Well, I just got fed up with my computer crashing at random times and spent $2,600 on a new one. I probably made some mistakes in there, but it was a long overdue upgrade. (see signature for current computer)
This is what I bought:
HAF-X Case
Seasonic X760 PSU
Intel i7-2600K CPU
ASROCK P67 Extreme4 MB
Crucial C300 128GB SSD
Western Digital Black 2GB HD
12X LG BluRay burner
HIS HD6970 Video Card
Corsair H60 CPU Heatsink
HP ZR24w 24" Monitor
SAITEK Cyborg V5 Keyboard
16GB (4x4GB) G.Skill 1600 DDR3 RAM (1.5V, CAS 9)
Windows 7 Home Premium (64bit)
Trendnet TEW-623PI Wireless N PCI adapter
Trendnet TEW-652BRP Wireless N Router
You had a 2600K and you use a 4200+ now? Eek!!
And I like the 2GB HDD. Circa 1996![]()
Yeah, I currently use a 90nm Manchester 4200+ X2. I bought it in 2007 I think, to upgrade my old 3500+ on my S939 platform. This should be quite the upgrade going from that to a 2600K, and also going from the 3850 to the 6970. I will get the last of the parts on Tuesday, and hopefully will have the system up and running then.
Sweet...pls post some benchmarks once you upgrade, curious to see the performace differences with such a huge upgrade :thumbsup:
Not until Z68. My current machine does all I need.
Pretty much the same type of setup as you and I haven't seen anything yet that blows it away.
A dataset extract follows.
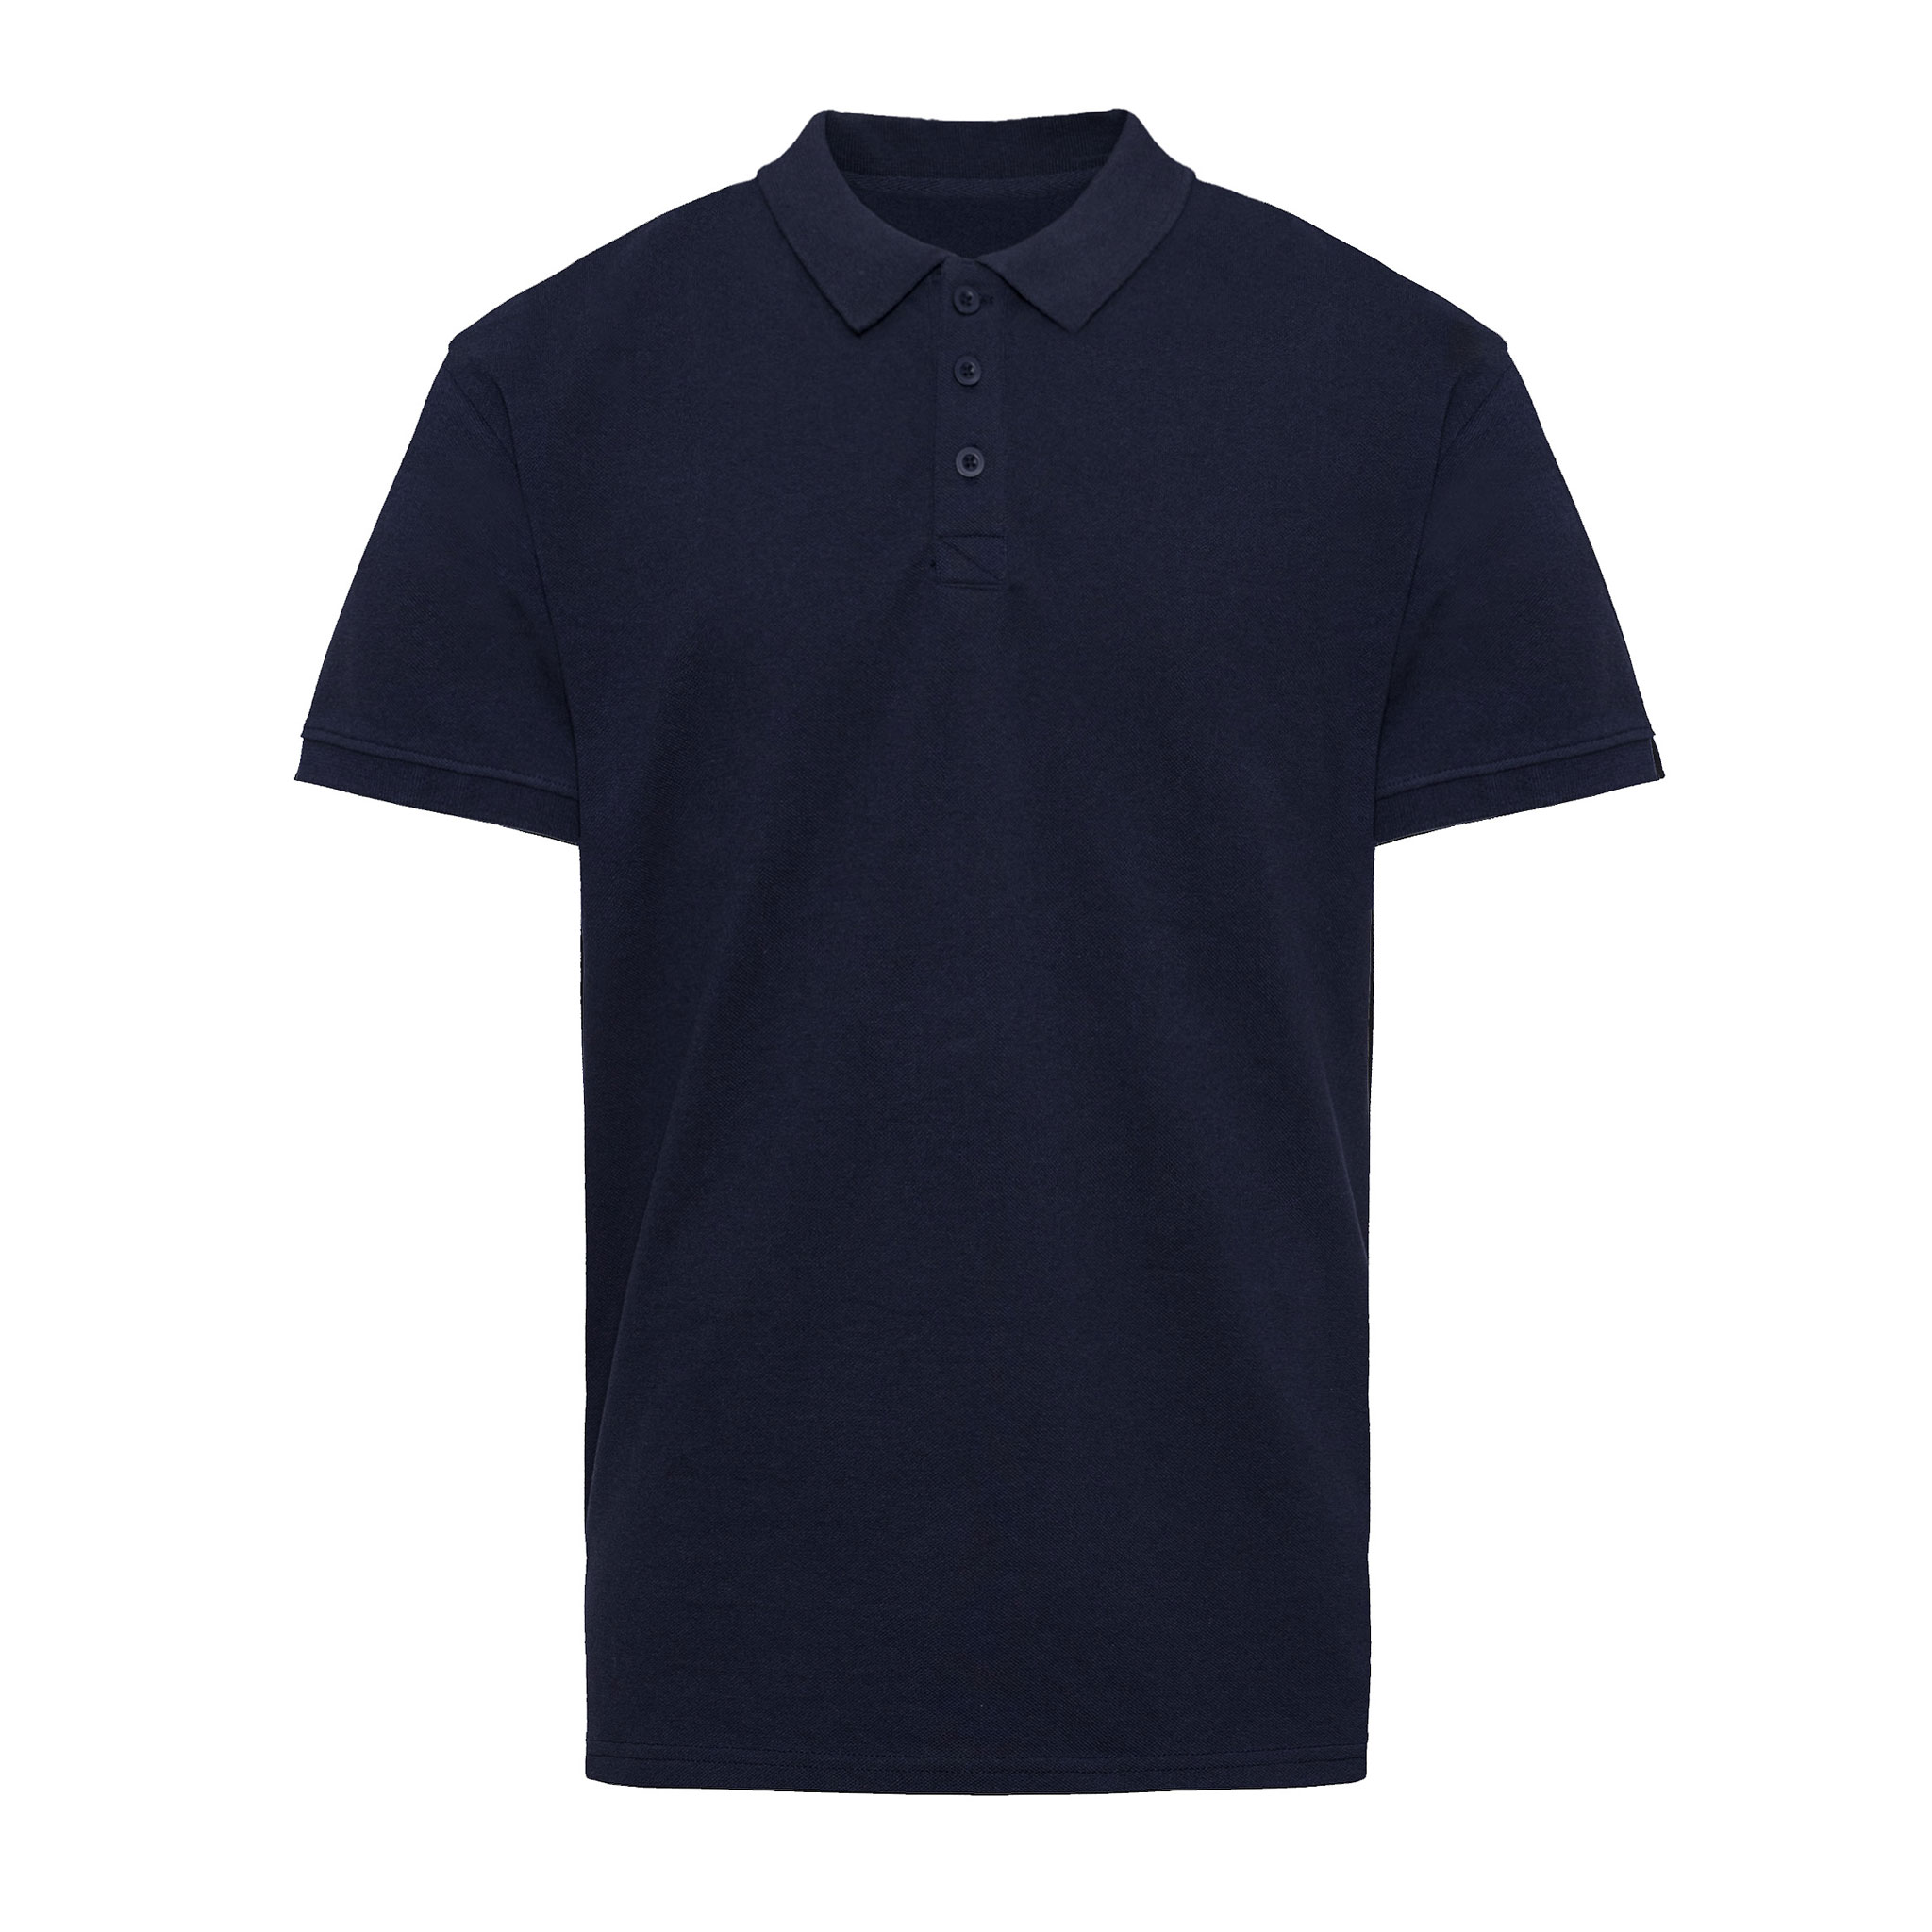 Pure Waste pique polo, made from recycled cotton and recycled plastic bottles
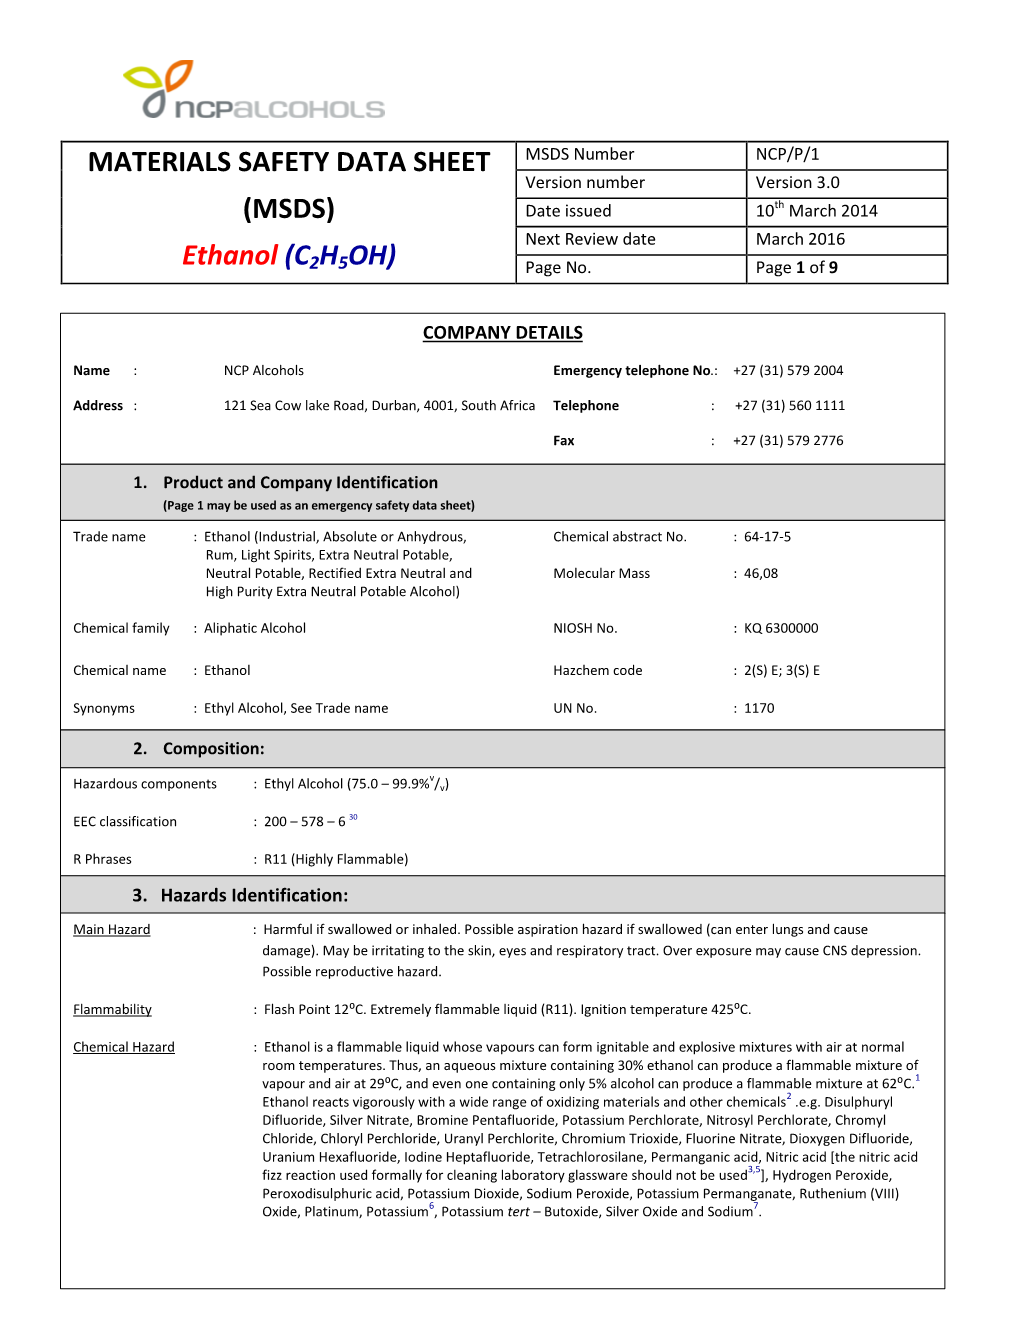 MATERIALS SAFETY DATA SHEET (MSDS) Ethanol (C2H5OH)

Maybe a new video card when Skyrim is released at the end of the year. Is there even a current Intel chipset that can handle 24GB of ram and a 6-core processor?
Get a nice case, and throw a HD 5670. With the HW decoding and shader power of a lower-end gaming card (nVidia just doesn't have anything worthwhile under the 450, compared to what AMD offers), it will be quite some time before a Q6600 and 4GB of RAM is not enough for people that aren't power users. Overclock it a bit, and it will be every bit as good as the Athlon II X4 635 (I'd call 2.75GHz about even for non-gaming--the caches and superior IPC will help make up for where it lacks just as often as the Athlon II's higher speed and faster RAM access give it an edge).Most important thing is to get my relatives into something that will be a good general box for 3-5 years, maybe longer.
:hmm:
I'm using an Athlon 64 X2 4400+ (2 x 2.3GHz) and I play StarCraft 2...and I'm still having trouble justifying an upgrade :$.
I ended up being forced to upgrade due to hardware trouble, so I picked up a Phenom II x6 1090T CPU and Radeon HD 6870 GPU; I don't know how much benefit I really got from it. Web surfing is a little bit faster (although I also switched to Firefox 4, so there's probably some benefit there), and Starcraft is marginally prettier and a little smoother, but over all I don't feel like I was missing much. I'm wondering if I should have gone with the other build I had spec'd out, which was a 45W CPU and low-profile GPU...
I will say that I'm liking Windows 7 (and Windows Media Center) much more than Ubuntu 10.10 (and MythTV) and Windows XP though.
There is hardly any reason for gamers to upgrade their CPUs today either, and things will probably remain so until developers and publishers start paying the PC market some attention again.if u dont play games or do video encoding, i can't imagine why u'd need more than a dual core CPU? If u bought a C2D and its running @ 3ghz, then that's gonna remain ure comp for the next 4 years. seriously PCs have plateaued. Unless u're a gamer, in which case yes u'll need to upgrade every year or 2 to keep up w/ the games.